Briccio T. Abela, manager of CBNC’s Environmental Management and Quality Control Section, said as part of the rehabilitation of its decommissioned TD1, they re-introduced grasses and shrubs to cover the top soil during the first year of rehabilitation to bring back soil nutrients lost during the processing of nickel.

The succeeding year, several trees and crops were planted to test whether the soil’s productivity has been restored.

“The nutrient of the soil is practically zero. We need to introduce a system where organic matter can be returned to the soil. That is the purpose of reintroducing grass in the area before we started to plant trees,” he said.

Birds, bees, butterflies, bats, lizards including monitor lizards commonly called bayawak and a number of native bird species have started to settle in the small forest plantation as a result of the rehabilitation effort.

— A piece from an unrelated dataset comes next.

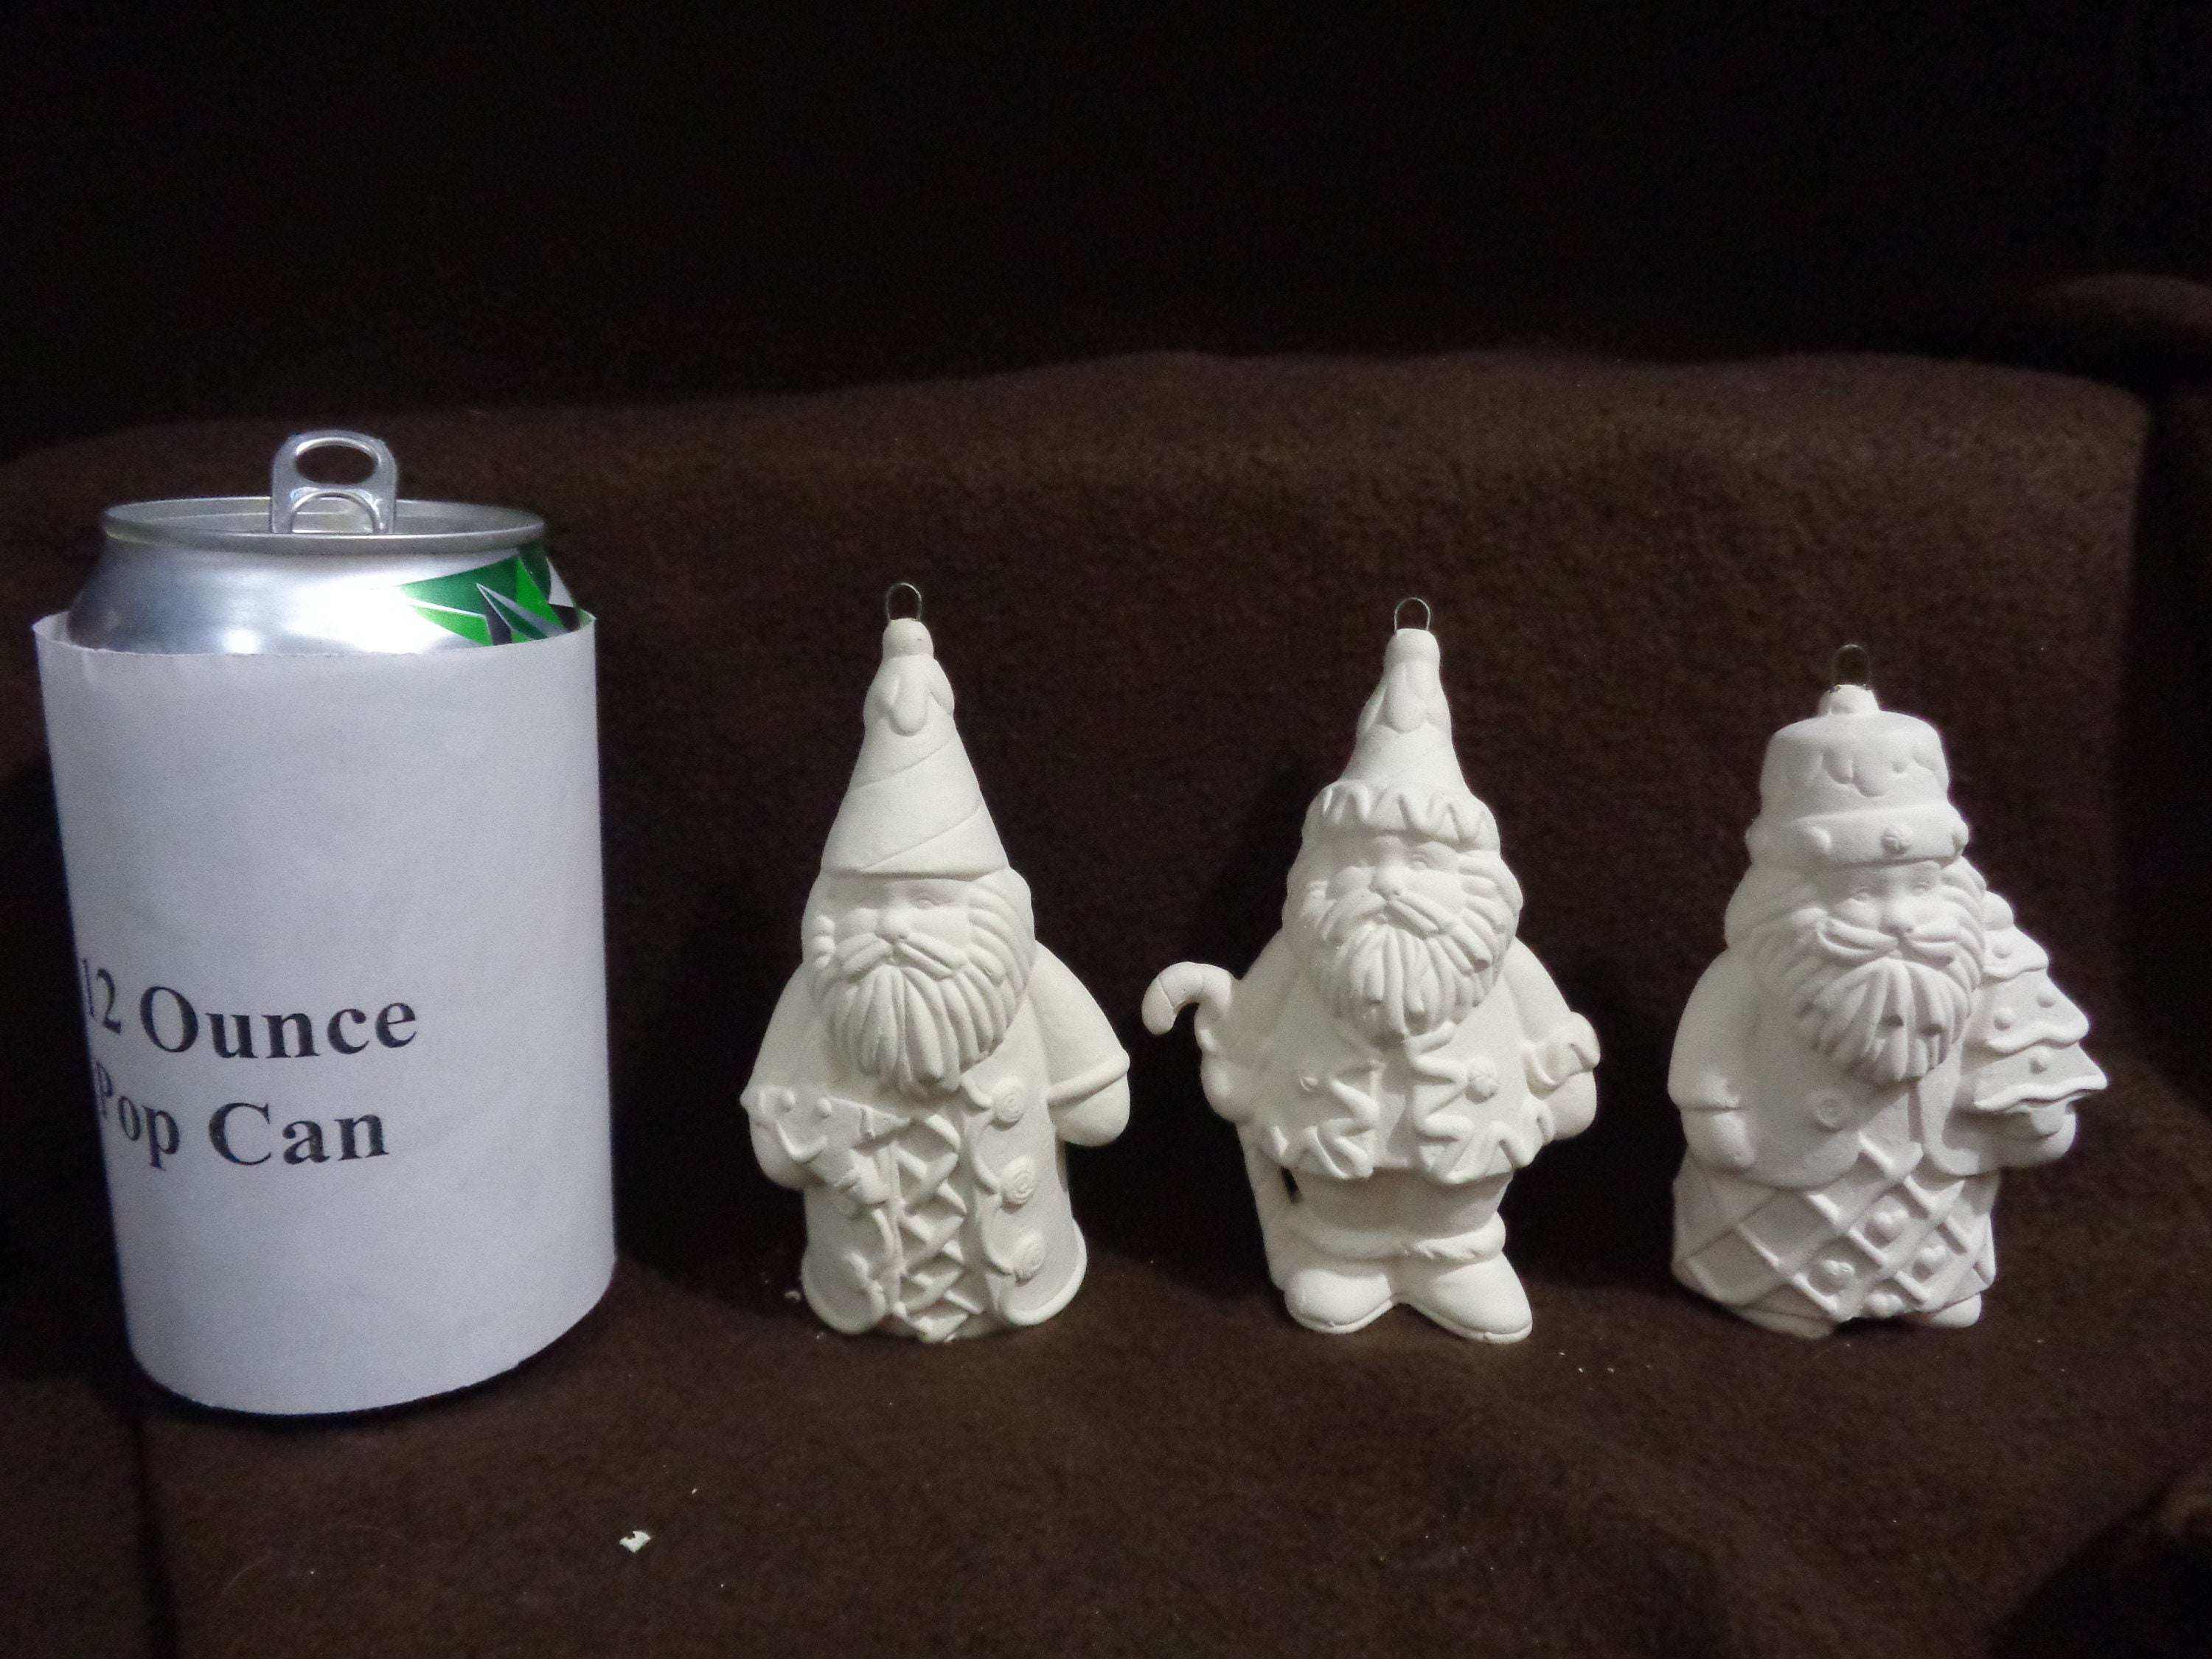 Syhood 24 Pcs Ceramic to Paint Christmas Ornaments Crafts for Kids Paint  Your Own Kit DIY Ceramics Santa Snowmen Gingerbread Men Ceramic Christmas

So far, over 35,000 trees have been planted in CBNC’s TD1, including agoho, amugis, balayong, bangkal, dildil, batino,gmelina, ipil, ipil-ipil, iron wood, kakawate, mahogany, malugai, manggis, narra, odling, palamorya and tongkat-ali.

The area is now also planted to high-value crops like Cavendish bananas and dragon fruits, and over 1,400 other fruit-bearing trees like avocado, guava, binai, cacao, cashew, duhat, duringan, guyabano, kalamansi, kamansi, langka, jackfruit, mangoes, marang, rambutan and star apple. Aratilis trees are also thriving in the rehabilitated TD1.

Portions of the TD1 are now also planted to assorted vegetables, herbal plants and ornamental plants.

The rehabilitation project is now providing livelihood to more than 100 indigenous peoples (IPs) and indigents from CBNC’s host communities.

The TD1 was used to store dried silt from neutralized slurry from 2005 to 2010. It was subsequently decommissioned after reaching its filled capacity of 678 million dried metric tons (DMT) of mine wastes in 2010. The following year, the rehabilitation started section by section.

Bibano P. Ranes, a consultant on mine rehabilitation of RTNMC, said the company implements an integrated rehabilitation approach.

He said site-preparation costs in the mined-out area alone costs the company around P1 million per hectare.

The rehabilitation involves soil amelioration to improve the soil’s fertility, the use of large planting materials and use of assorted native tree species.

Ranes said they also implement an agro-aqua-forestry farming system in the area.

A forester by training, Ranes said the top soil was removed before extraction of nickel ores. The soils were returned to the mined-out area as part of the land preparation before implementing agro-fishery-forestry activities.

“We used large planting materials for high survival rate and native species for biodiversity conservation,” he said.

The trees, high-value crops and vegetables grown were organically grown and have been tested to be safe for human consumption by an accredited research laboratory.

“We also started to raise tilapia, ducks and pigs in the area,” he said.